Lorenzo Rocci, author of the Greek dictionary
How many generations of Italian classical high school students have been confronted with the Rocci Dictionary of the Greek Language? A blessing and a curse for students, but also an indispensable tool of study and work for professors and Greek scholars, the Rocci has remained faithful over the decades, albeit with updates, to its first edition. Yet many students of yesterday and today are unaware that the author of that work was a Jesuit. Our Archives preserve his diary and some letters.
Lorenzo Rocci was born in Fara Sabina on 11 September 1864, studied at the Anagni boarding school of the Society of Jesus before entering the Order; as a Jesuit he was involved in teaching for decades. The dictionary was structured and organised precisely during his years of teaching, also for the benefit of his pupils, probably at the Mondragone College where the father resided for a long time. Unfortunately, nothing remains of the files that constituted the initial lexical patrimony that the Jesuit drew on for the composition of the dictionary, which were probably destroyed after his death in 1950 or with the closure of the Mondragone College four years later. In our Historical Archives, however, Rocci’s personal diary is preserved, written from 1880, the year he entered the novitiate, until 1929. The document testifies to the Jesuit’s feverish activity, first as a student, then as a translator and scholar of the Iliad and the Odyssey, of which he edited editions in Italian, and at the same time as a teacher at the Massimo and then at Mondragone. He also published a text of exercises in Greek.

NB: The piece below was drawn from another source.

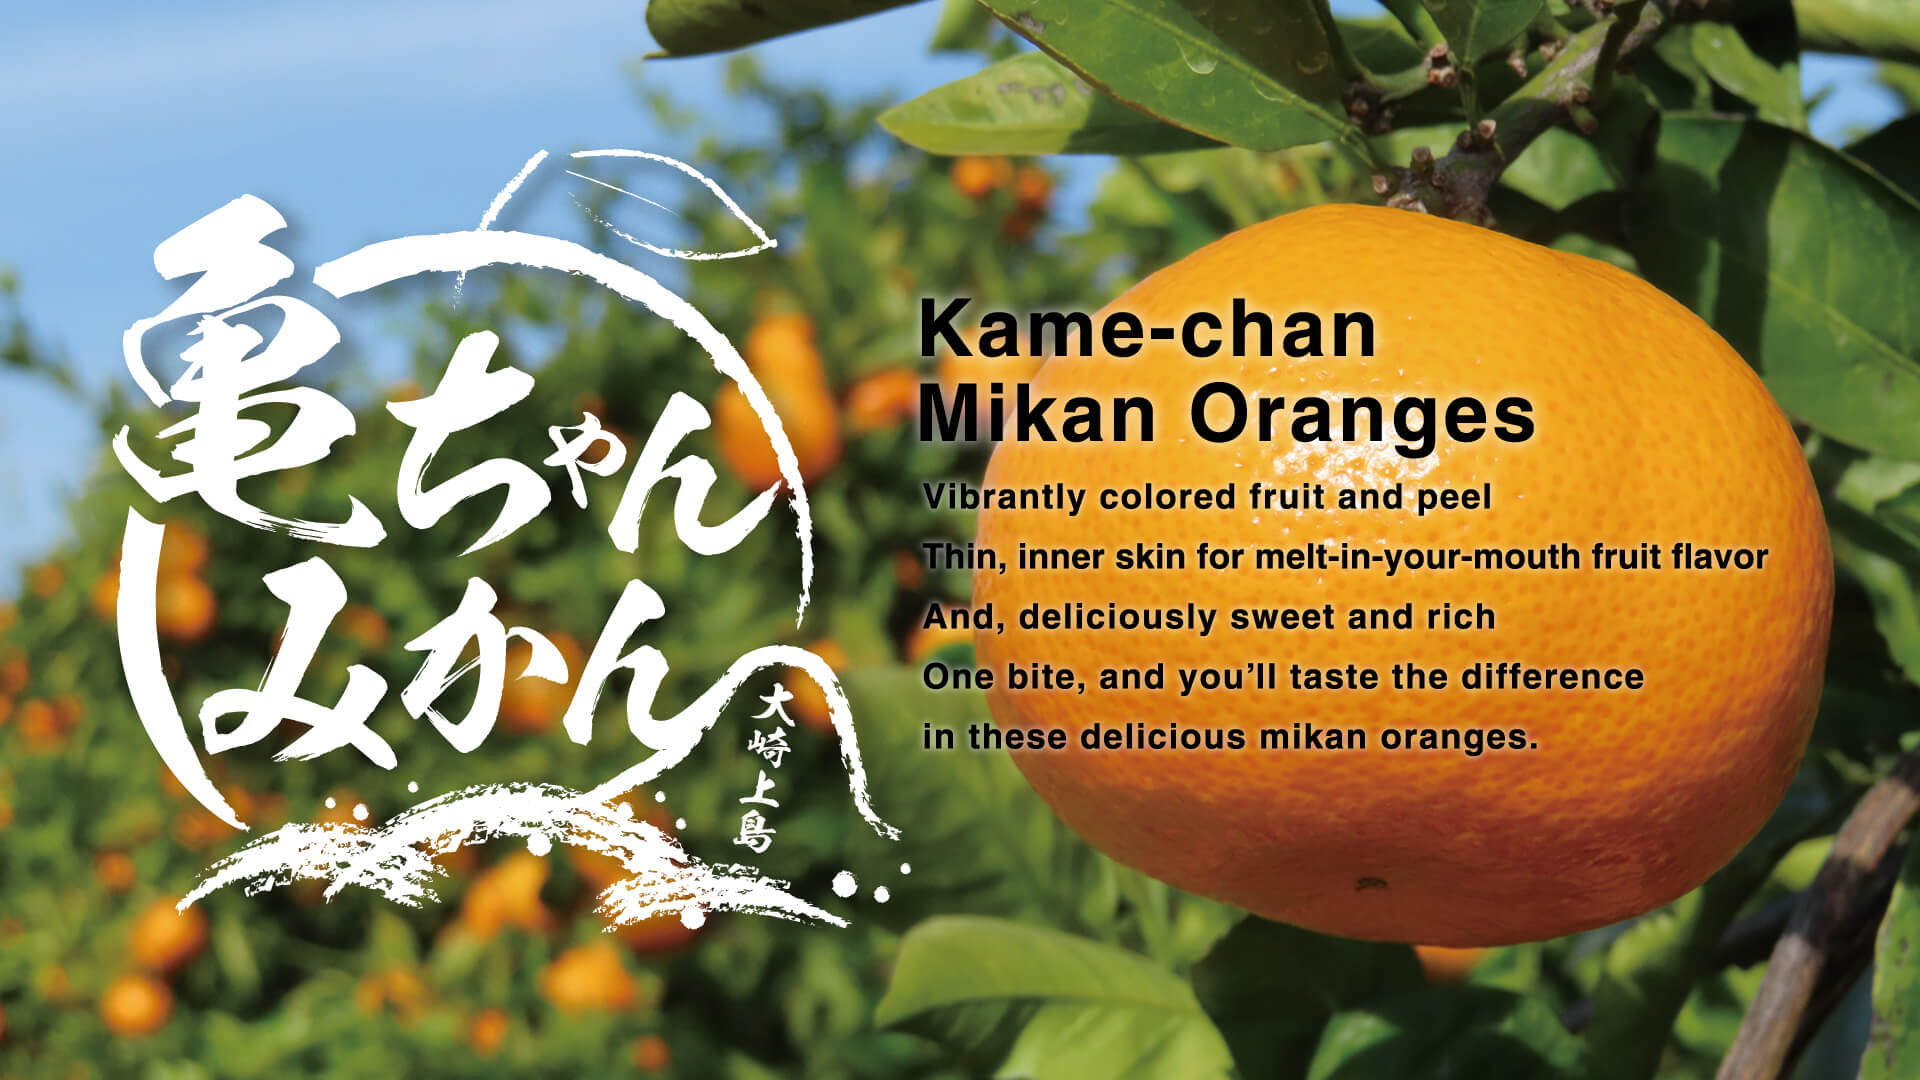 Kame-chan Mikan Oranges

Lorenzo Rocci taught Greek and Latin for about fifty years, if we consider the assistance he provided during his teaching career to students at the Compagnia’s colleges, often going to the Società editrice Dante Alighieri publishing house to deliver drafts of texts or to collect the fees due for publications.
A life dedicated to studying and teaching Greek and Latin, an aptitude that distinguished him from his first years in the Company, when he wrote about the teaching given by the Jesuits: “too paternal schools in which, more than anything else, I made my own”.
The choice to enter the Company was rooted in a family tradition: the Greek scholar’s father had also studied at the Jesuits, in the college in Piacenza, a period of which he kept good memories and about which he often spoke to every Jesuit his son had the opportunity to introduce to him, as Fr Lorenzo himself recounts in his diary.
In addition to the documents concerning his life in the Company, and the diary, a number of letters from ancestors and family members remain from Fr Lorenzo Rocci, probably collected in order to reconstruct his own family history, a project he did not have time to complete: in fact, Fr Lorenzo died on 14 August 1950 in Rome at the age of 86.
Fr. Rocci’s papers and documents testifying to his life in the Company are preserved in the fonds of the Roman Province.